Now all I have to to is wait 3 or 4 years 'til I can afford one


----------



## markryder (Dec 22, 2005)

Love the interior. The exterior is just "meh...I'll keep my mk1".


----------



## ObiWan (Sep 25, 2005)

I think it will be a lady killer in black 8)


----------



## Wak (May 6, 2002)

more than a face lift, 
less than a revolution the mk1 was.

So what have we contributed into the design....

Riso - Blades (with fogs)
Riso - Clear corners 
Love_iTTs - Wing mirror repeaters
Symetrical rear lights

Dont like the non spoiler look , should have been a small spoiler that could pop up or get bigger IMO.

The interior has lost theme...i.e. the dimples allover the place but we havent seen it all yet.

The Steering wheel is a great shape, the donut in the middle is f'ugly!
should have had the ally theme ring in it liek the mk1

The A3 Dash and center console are hmmmmmmmmmmm!

other than that ... love the rest of whats there so far!


----------



## NaughTTy (Jul 9, 2003)

Wak said:


> more than a face lift,
> less than a revolution the mk1 was.
> 
> So what have we contributed into the design....
> ...


Funny, I noticed exactly the same mods as you :lol:



Wak said:


> Dont like the non spoiler look , should have been a small spoiler that could pop up or get bigger IMO.


But it has got a pop-up spoiler...or have I mis-understood your post :?


----------



## Rogue (Jun 15, 2003)

I like it, but I prefer my Mark 1.
I'd still like to see it "in real life" though.
I Sky+'d the program on the Audi Channel, but they were more into the large sculpture of the car than the actual two cars that arrived.

To me, the rear end reminds me of the Ford Cougar (not a good thing!) and the front now just looks too much like any of Audi's new line-up to be special.
They've spoiled the sweeping lines that made the Mark 1 so popular, and that shark fin aerial looks absolutely ridiculous.
It's like a big nipple sitting on the roof.

I haven't seen the interior yet (they never showed it on the TV channel).

Rogue


----------



## Wak (May 6, 2002)

NaughTTy said:


> Wak said:
> 
> 
> > Dont like the non spoiler look , should have been a small spoiler that could pop up or get bigger IMO.
> ...


dont like the flush spoiler look, but maybe cos we are used to the little spoiler.
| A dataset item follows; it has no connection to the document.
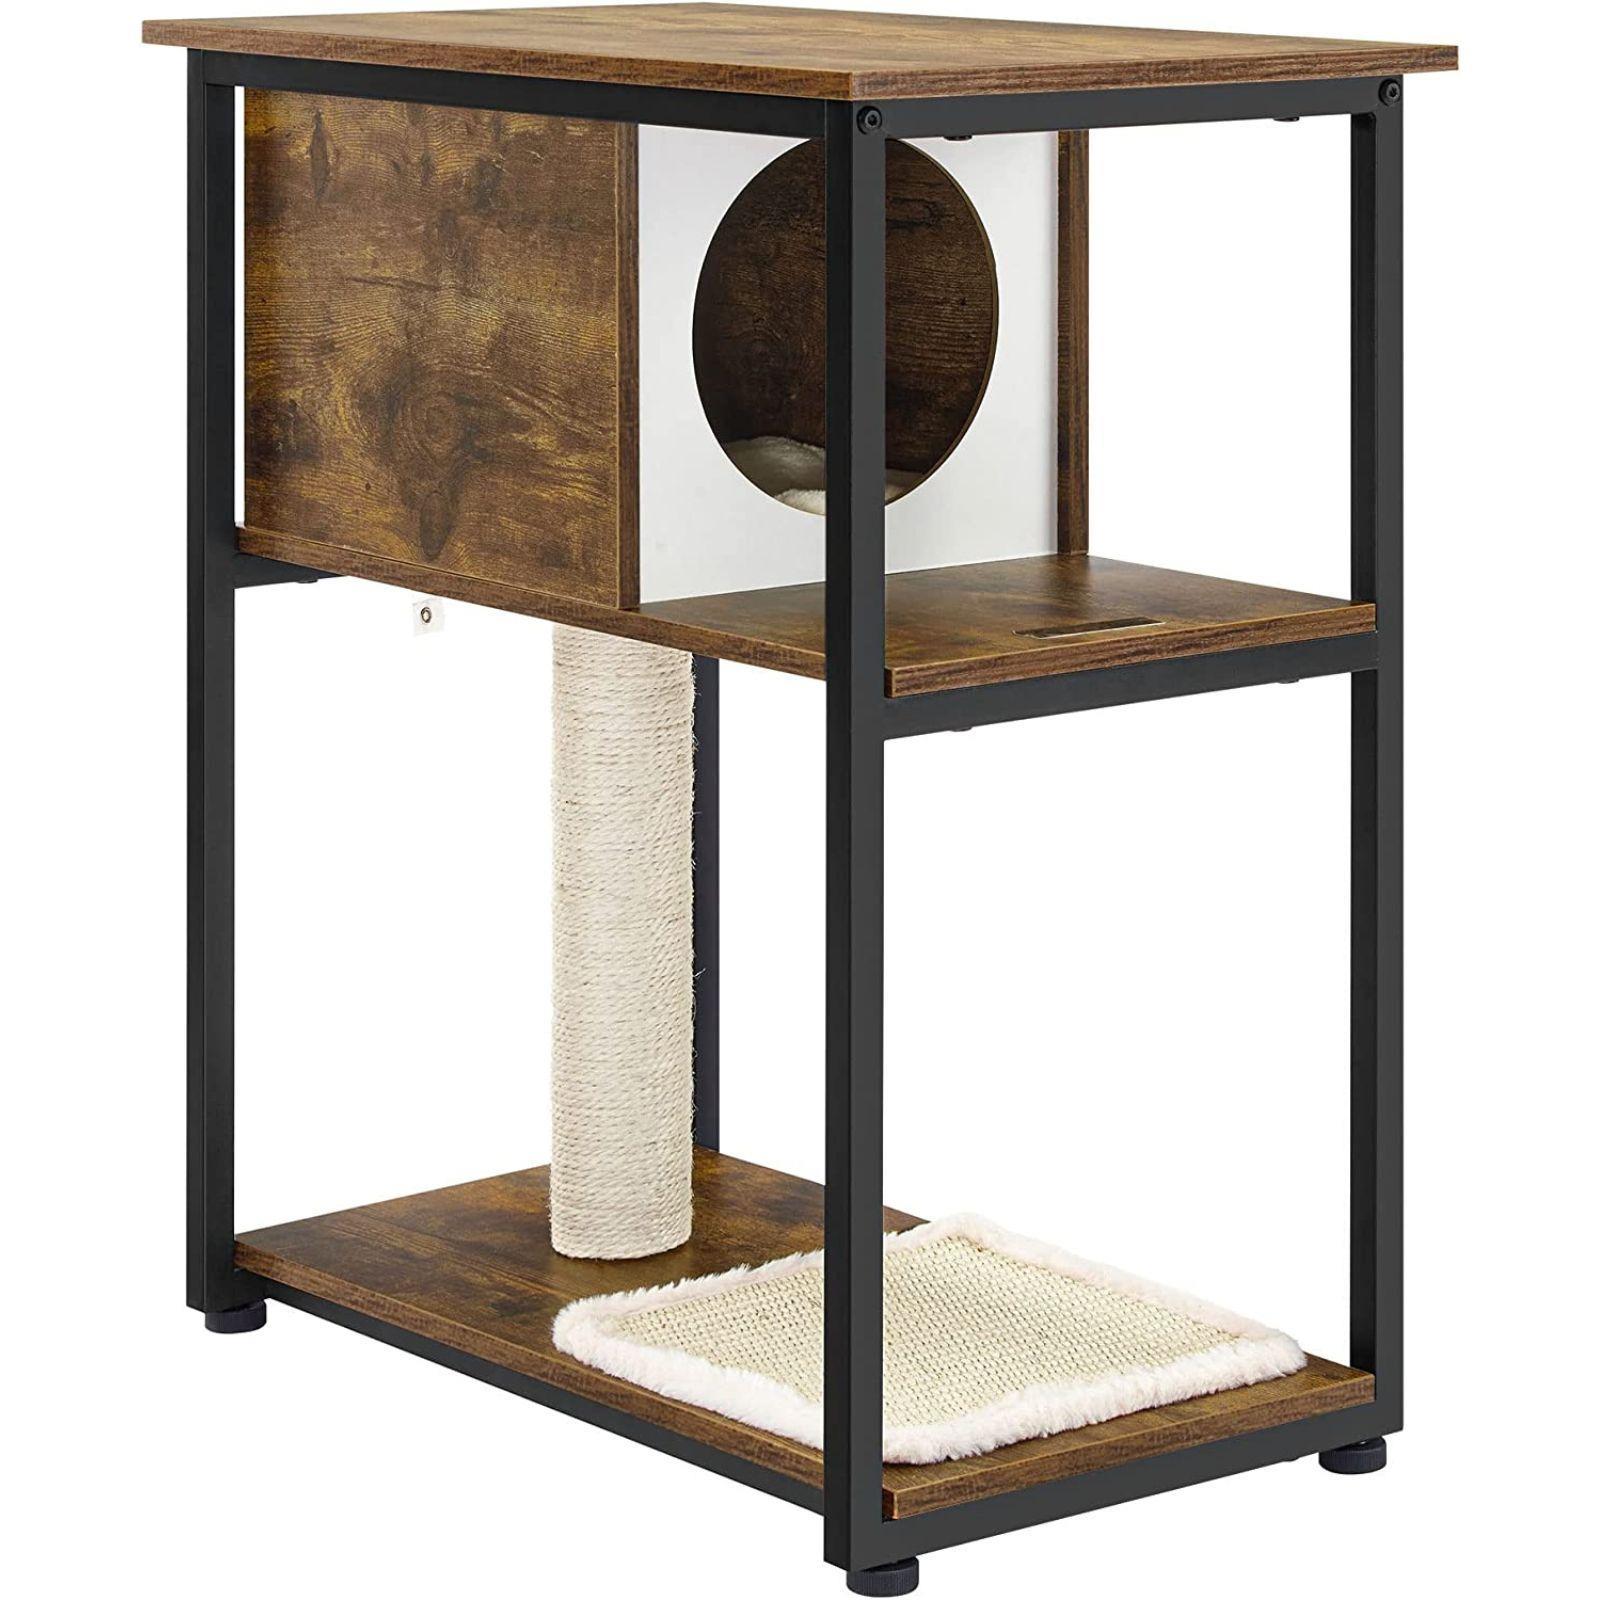 Feandrea Cat Tree House and End Table Bedside Scratching Post Tower - Rustic Brown

It has a pop up just like to see something when its down rather than it be flat!


----------



## gazza73 (Oct 20, 2003)

What a load of marketing crap "evolution not revolution".

Just jumping on the band wagon of the Porsche philosopy because they knew they could'nt top the statement that the Mk 1 made. Evolution is the fact that you can hardly tell the difference between the 996 and 997 versions of the 911 as also with the 986 and 987 versions of the Boxster. It looks a very different car to me. You have to try hard to remember all those beautiful crves of the Mk 1 when looking at that BMW style lumpy body. That to me is a generic copy of most other cars on the road today. Personally I see a little Focus ST in its styling cues.

Thank god the interior looks soo damn good that it stops you thing what a dull car your driving. I shure hope it goes around corners well and then possibly redeam itself a little.

Let hope its like an Alfa and looks better in the flesh than in photos.


----------



## Irish Sancho (Mar 13, 2006)

PPI grille on my Mk1 and I'll be happy out.


----------



## NaughTTy (Jul 9, 2003)

Wak said:



> NaughTTy said:
> 
> 
> > Wak said:
> ...


Ahh - see what you mean


----------



## L7 (Aug 27, 2004)

Hendrix whilst designing the mk1

James Blunt for the mk11


----------



## dommorton (Mar 9, 2005)

It's like a grown up version of my TT

My Mk1 just seems more cheeky  Slightly camp thing to say but it's the only word I can use to describe it

The new one looks sullen and professional

I liked the look of it don't get me wrong but it's not what I signed up to so I doubt I'll be getting one


----------



## Nimbus (Sep 20, 2002)

well from the pictures, doesnt do it for me.... 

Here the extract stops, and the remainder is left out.